So what with my work on Oh Teh Noes I was wondering if I could co-opt it to do performance monitoring. As it happens, I couldn't figure out how to do it without doing some serious square-pegging, but it did get me thinking about how I would like to attack the problem. And as is so often that case that eventually turned into me actually attacking the problem. That happens a lot. I nerd snipe myself daily.
And thus Regarding Your Performance was born. It consists of a Windows service which sits on the host machine and farms basic performance data, and a HTML page which collects that data from a list of hosts via AJAX and drops it into some graphs.
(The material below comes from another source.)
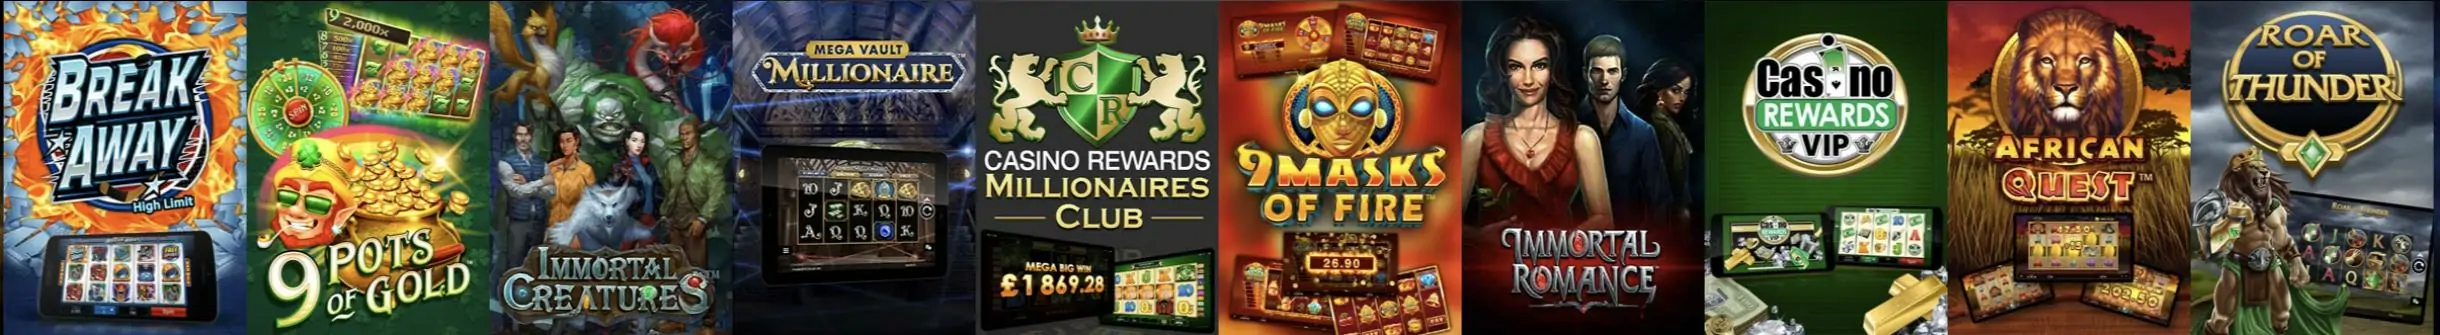 Popular Game Titles at Casino Rewards

It became an excuse for me to learn some new things, so I thought I'd share the experience. This is a fairly high-speed tour so you might want to saunter over to Github and grab the source
InstallUtil Can Die in a Fire
I wanted the agent (the side of the system which resides on the target host and harvests delicious, delicious performance information) to run as a Windows service. But there's one particular element of Windows services that I find especially uncomfortable . . .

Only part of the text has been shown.